Paris’te pek tanınmaz Kandinsky ve oranın curcunası içinde sosyal açıdan tam bir yalnızlığa mahkûm edilir. Sadece Miro gibi birkaç yakın dostu vardır. Fakat pîri olduğu mücerret resim Paris’te gelişme hâlindedir. 1930’da kurulan Daire ve Kare ile bir yıl sonra kurulan İbda–Tecrid (Abstraction-Création) resim grupları, mücerret resmi Paris sanat çevrelerinde sevdirmiştir. Yıllık olarak yayınlanan Abstraction-Création: Art Non-figuratif (İbda-Tecrit: Suretsiz Sanat) adlı dergi, mücerret resmin dilini sanat çevrelerinde oluşturmaktadır.
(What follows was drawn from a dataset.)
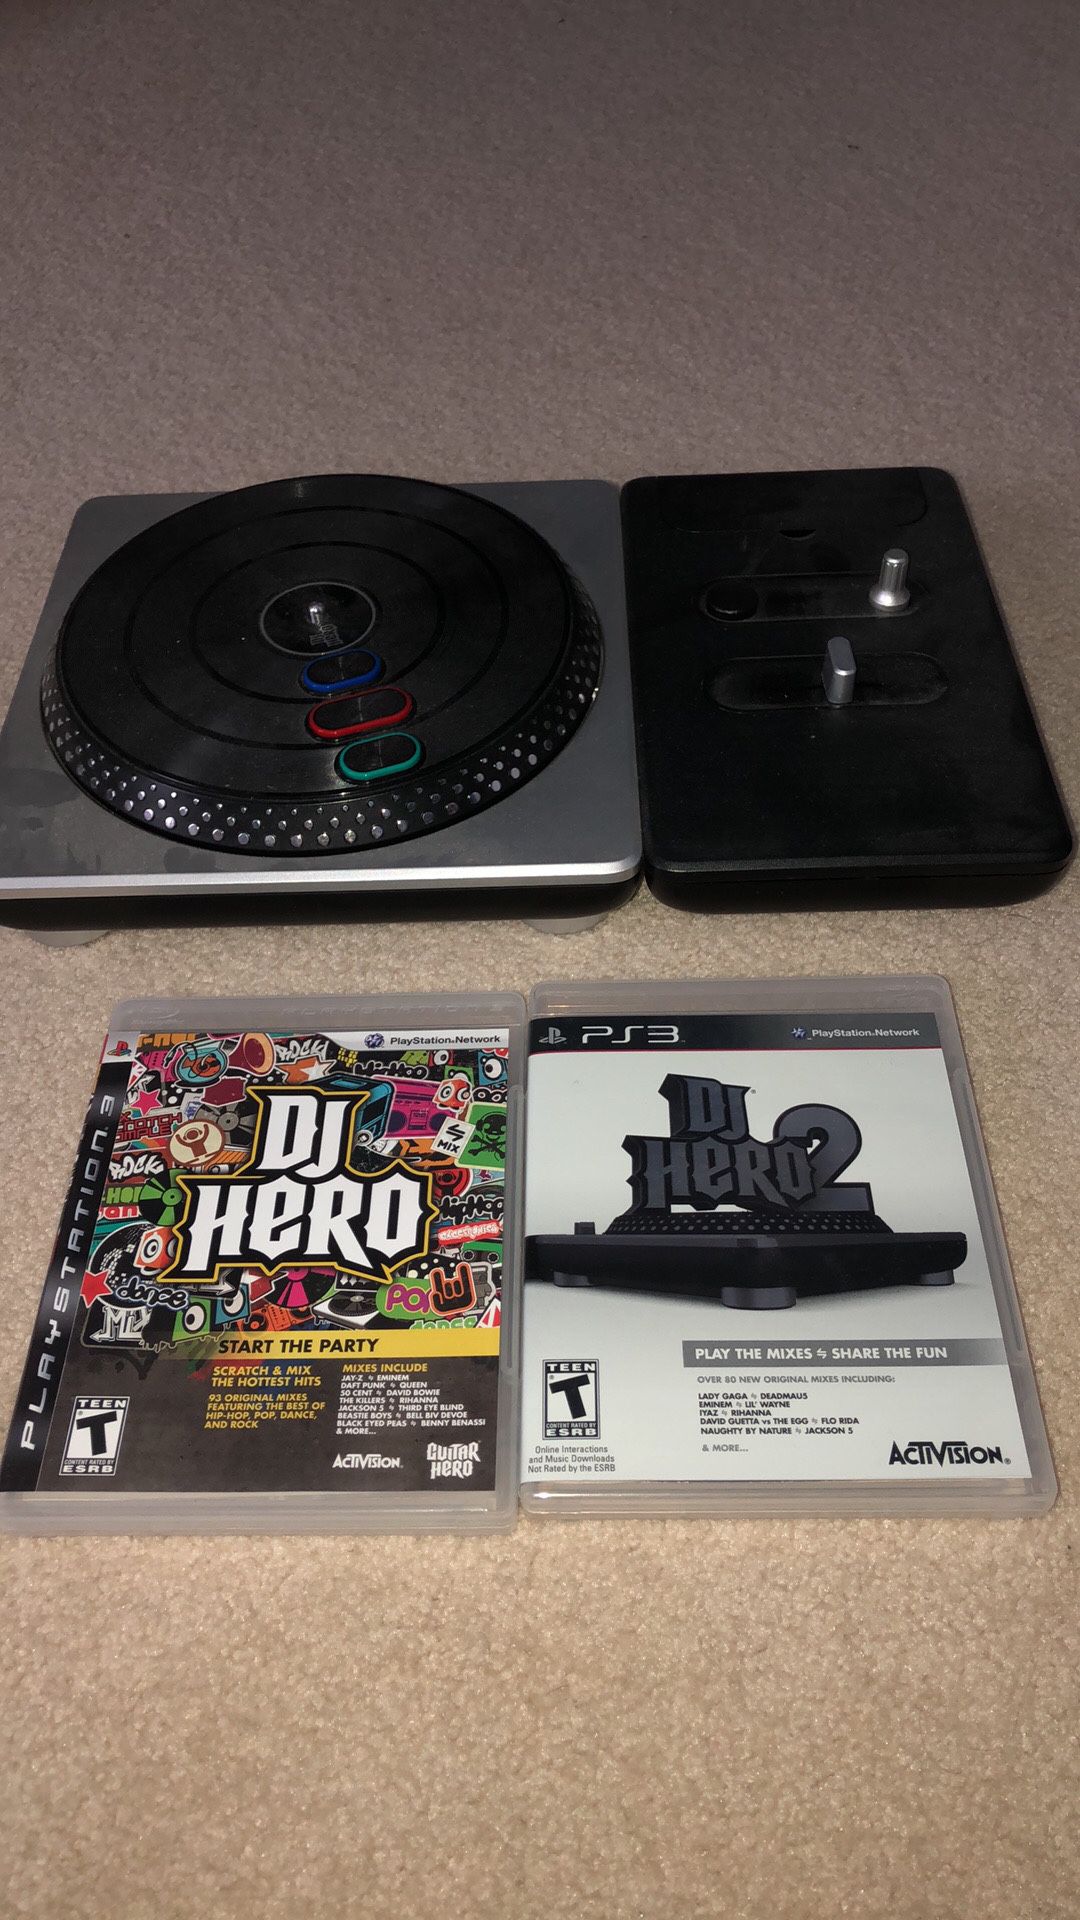 DJ Hero 1 & 2 with Turntable

Gelgelelim, çok geçmeden Paris’in curcunası içinde “mücerret sanat” heyecanı kaybolacak, onun yerini “Sürrealizm” adı verilen, ondan doğma, fakat “hain evlat” gibi onun kaba bir yorumu olan yeni bir akım alacaktır. Sanatçı bu dönemde yine çok az üretkendir. “Gök Mavi” adlı tablosu bunlardan en önemlisidir. Yeniden Maviye dönmüş ve şöyle demektedir:
– «Mavi, ne kadar derine inerseniz, o kadar huzur verir!»
Son büyük eserlerini verir ve sessizlik içinde, hayata veda eder. (1944)
Böylece üç ayrı dönem yaşar “mücerret resmin pîri” ve üç ayrı ölümle ölür. Rusya’da “sağcı” diye, Almanya’da “solcu” diye ve nihayet Fransa’da “aziz” diye öldürülür!
* Salih Mirzabeyoğlu, ELİF –Resim Redd Kökündendir-, İBDA Yayınları, İstanbul 2003, s. 73-74.
KAYNAK: Akademya Dergisi, II. Dönem, Sayı 4, Ağustos-Ekim 2013.